玉米田桃蛀螟幼虫的空间分布型与抽样技术

doi:10.3864/j.issn.0578-1752.2022.10.007

摘要/Abstract

摘要：

【目的】桃蛀螟（Conogethes punctiferalis）是重要的农业害虫,近年来在我国黄淮海玉米产区危害日益严重,已成为玉米安全生产的威胁之一。空间分布型是昆虫种群的重要生态属性,研究桃蛀螟幼虫在玉米田的空间分布型,明确其在玉米田的空间分布特征,为桃蛀螟的田间抽样计划制定、预测预报和有效防治提供科学依据。【方法】利用传统统计学（聚集度指标、Taylor幂法则和Iwao回归模型）和地统计学方法研究玉米田桃蛀螟幼虫种群的空间分布型。基于Iwao回归模型确定桃蛀螟幼虫的理论抽样数,通过序贯抽样技术得到不同允许误差（D=0.1、0.2、0.3）和经济阈值（m₀=0.5、1、1.5、2头/株）下的最大理论抽样数。【结果】两种统计学方法的结果均表明桃蛀螟幼虫种群在玉米田的空间分布型属于聚集分布。聚集度指标分析表明桃蛀螟幼虫的分布型为聚集型;Taylor幂法则结果显示桃蛀螟幼虫种群为聚集分布,且聚集强度随种群密度的升高而增加;Iwao回归模型证明桃蛀螟幼虫的空间分布型属于聚集分布,且为一般的负二项分布。根据半方差函数模型参数,确定桃蛀螟幼虫种群的最优拟合模型为球型、指数型和线型,表明空间分布型为聚集型;通过Kriging插值法分析得到桃蛀螟幼虫种群的三维和二维空间分布图,其聚集中心主要分布在田块边缘。基于Iwao回归模型抽样技术明确了桃蛀螟幼虫在置信概率t=2,不同平均密度m=0.5、1、2、3、4、5、10、15时的理论抽样数。
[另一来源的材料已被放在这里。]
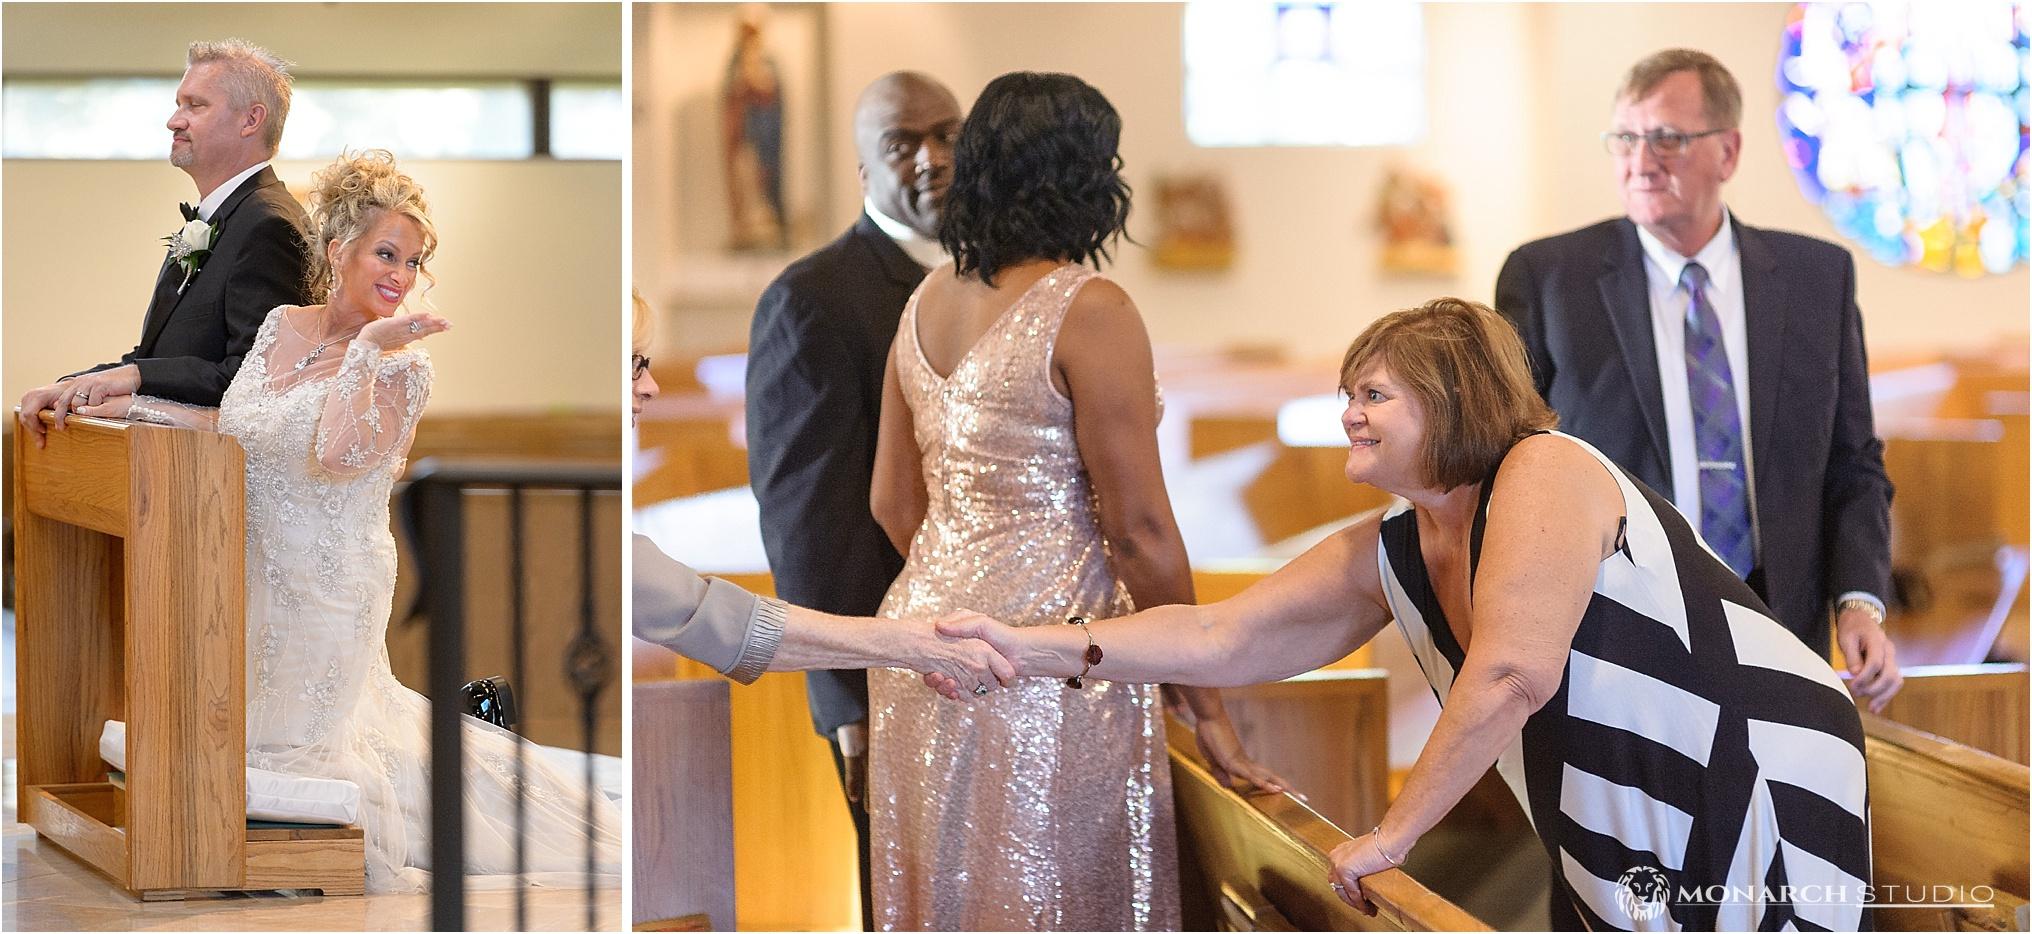 ponte-vedra-wedding-photographer-tpc064.jpg

进行序贯抽样确定了最大理论抽样数,在t=2,D=0.1、0.2、0.3时,当m₀=0.5头/株,最大理论抽样数分别为3 417、854和380株;当m₀=1头/株,最大理论抽样数分别为1 717、429和191株;当m₀=1.5头/株,最大理论抽样数分别为1 150、287和128株;当m₀=2头/株,最大理论抽样数分别为867、217和96株。【结论】桃蛀螟幼虫种群的空间分布型为聚集分布中的负二项分布,聚集中心主要分布在田块边缘。基于序贯抽样确定的理论最大抽样数可用于指导玉米田桃蛀螟幼虫的监测和防治。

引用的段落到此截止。